Between March 2003 and December 2004, 48,612 eligible heart failure patients at academic and community hospitals nationwide were enrolled in the registry. A 5,791 patient subgroup was followed for 60-90 days after hospital discharge to collect additional data on outcomes, including mortality and re-hospitalization rates.

Researchers pinpointed the most frequent factors contributing to hospital admission: Pneumonia or respiratory ailments were identified in 15.3 percent of patients; obstructed blood flow to the heart called ischemia was found in 14.7 percent of patients; irregular heart beat or arrhythmia was present in 13.5 percent of patients and uncontrolled hypertension was seen in 10.7 patients.
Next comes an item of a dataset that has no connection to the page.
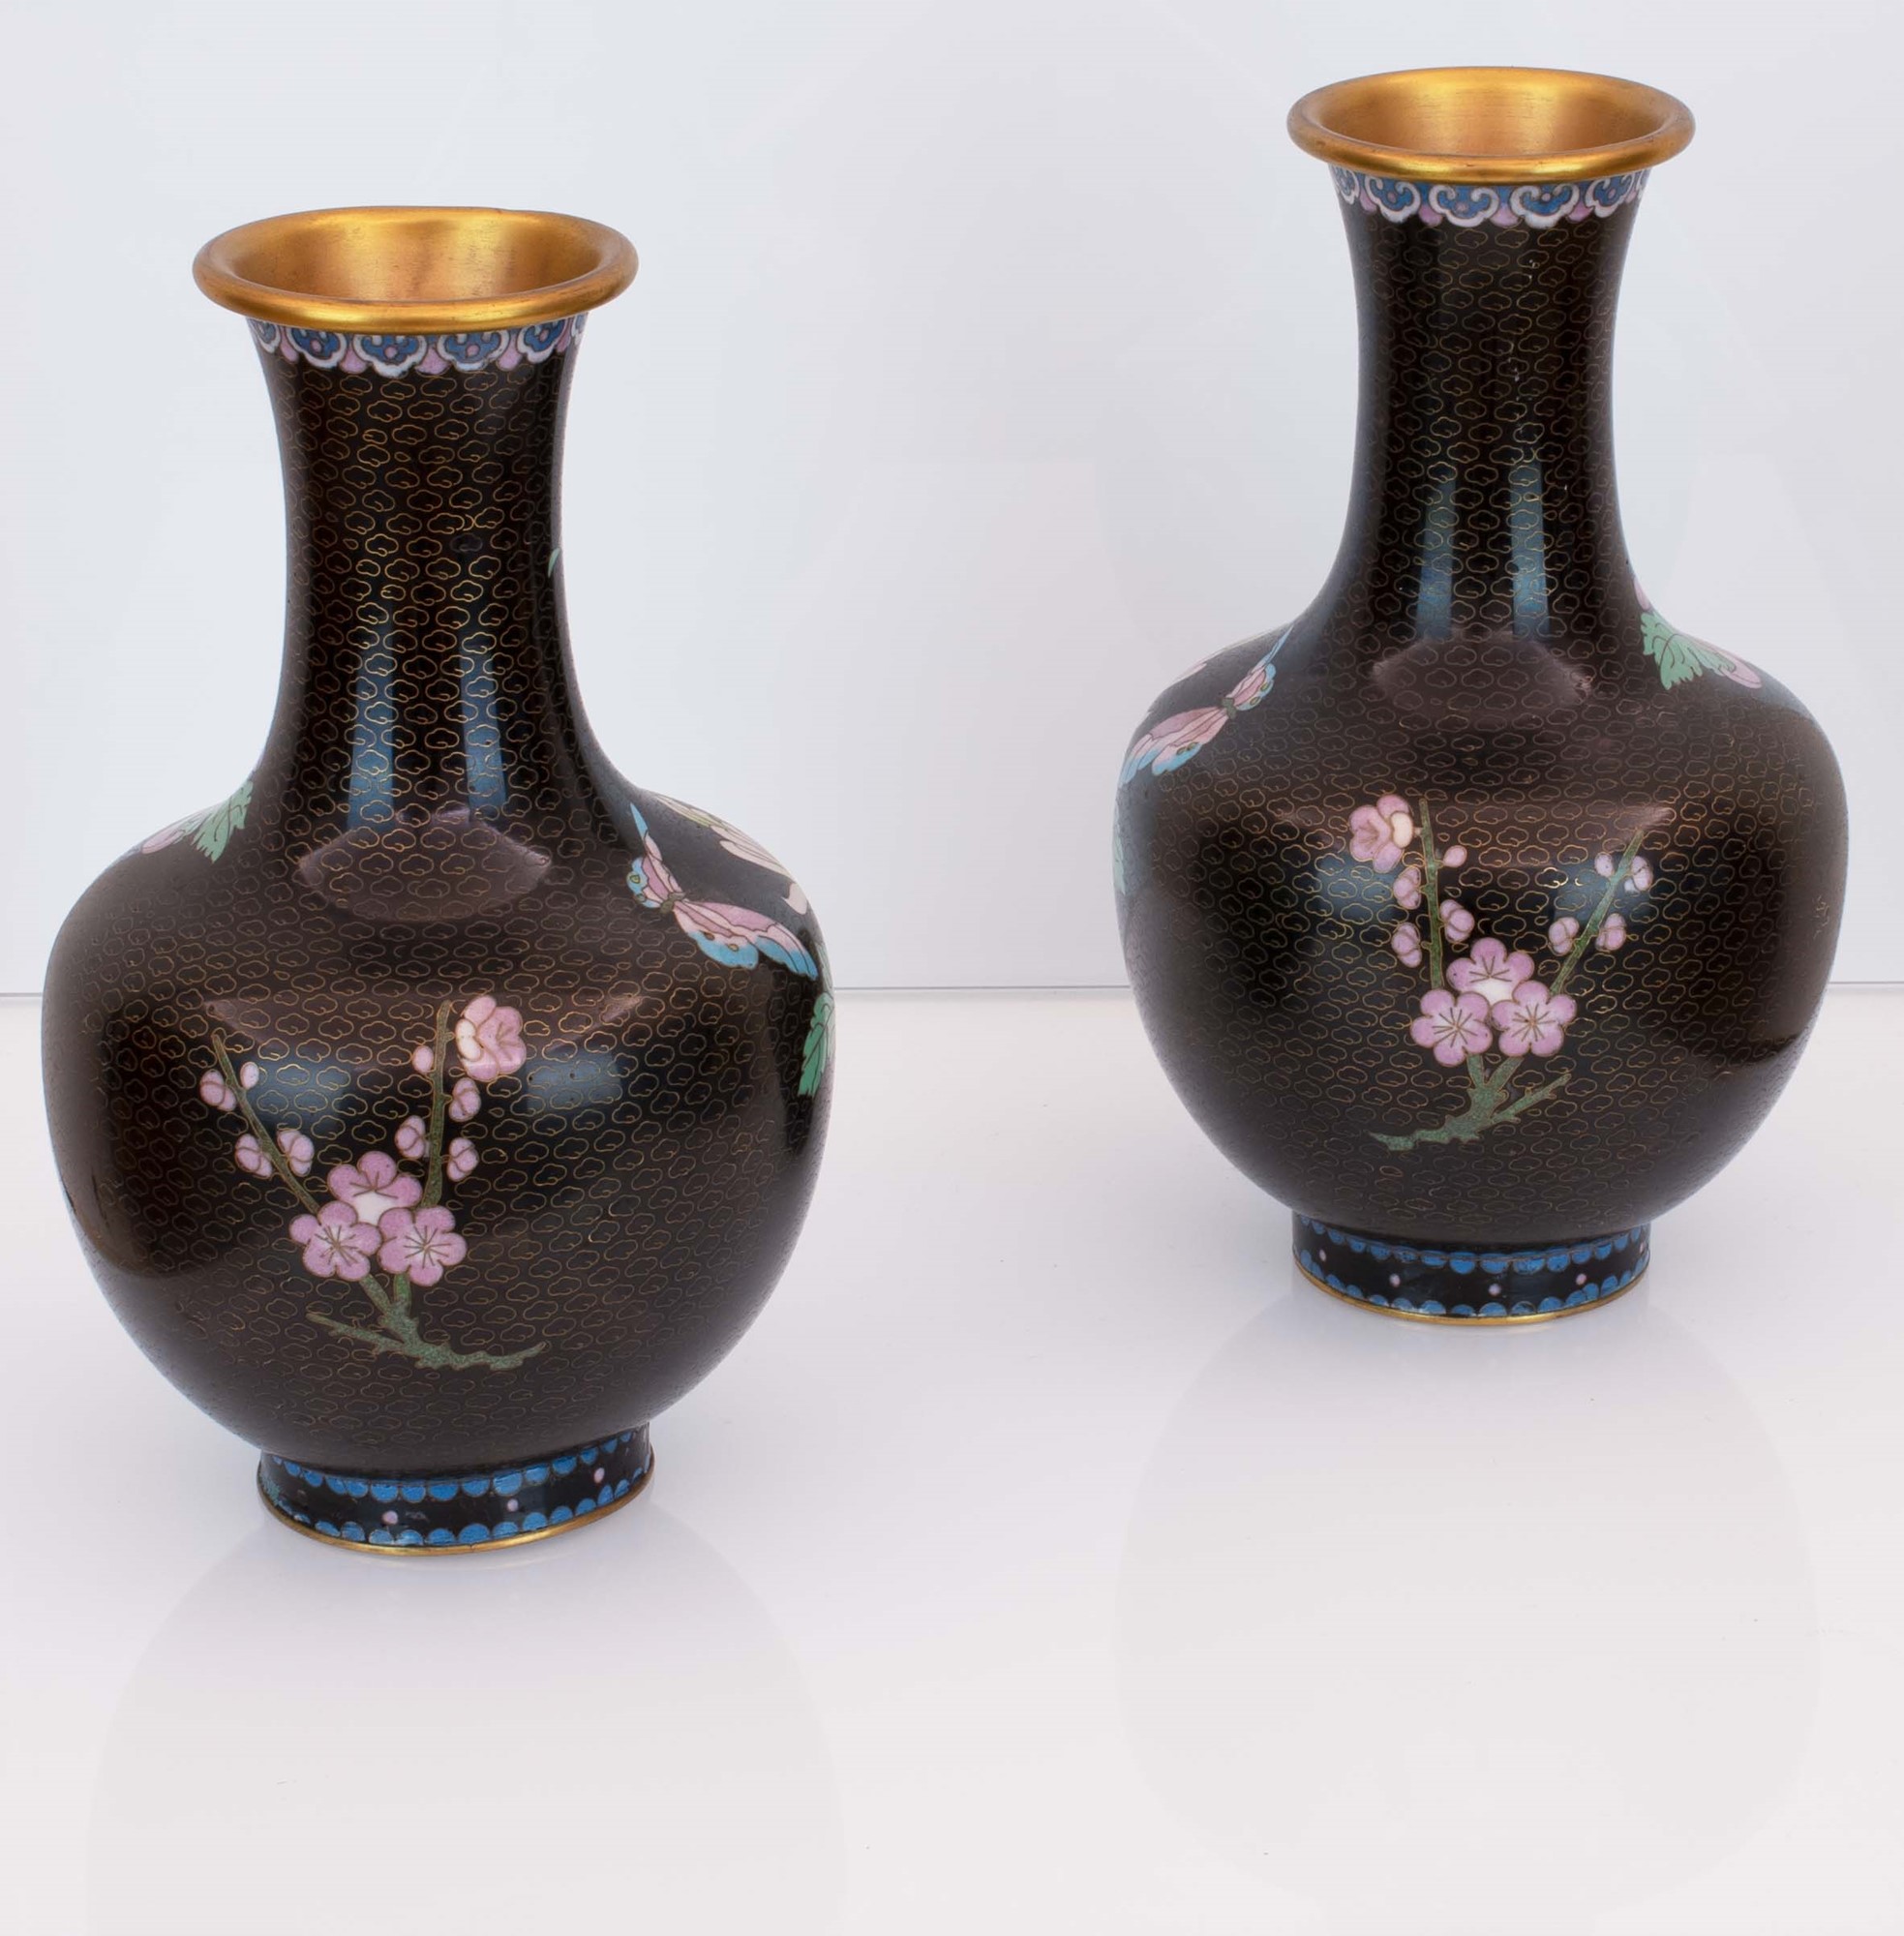 Coppia di vasi cloisonnet neri con decori floreali. Basi in legno ebanizzato. - Image 3 of 4

Other factors included not adhering to a special diet (5.2 percent of patients) not taking medications (8.9 percent), and worsening kidney function (6.8 percent).

"Over 60 percent of hospitalized heart failure patients had at least one of these precipitating factors at hospital admission," said Fonarow.

Authors determined that in-hospital mortality rates were lower in patients with none of these factors compared to those with one or more of them.

Pneumonia, ischemia and worsening kidney function were associated with higher in-hospital mortality rates and longer length of hospital stays.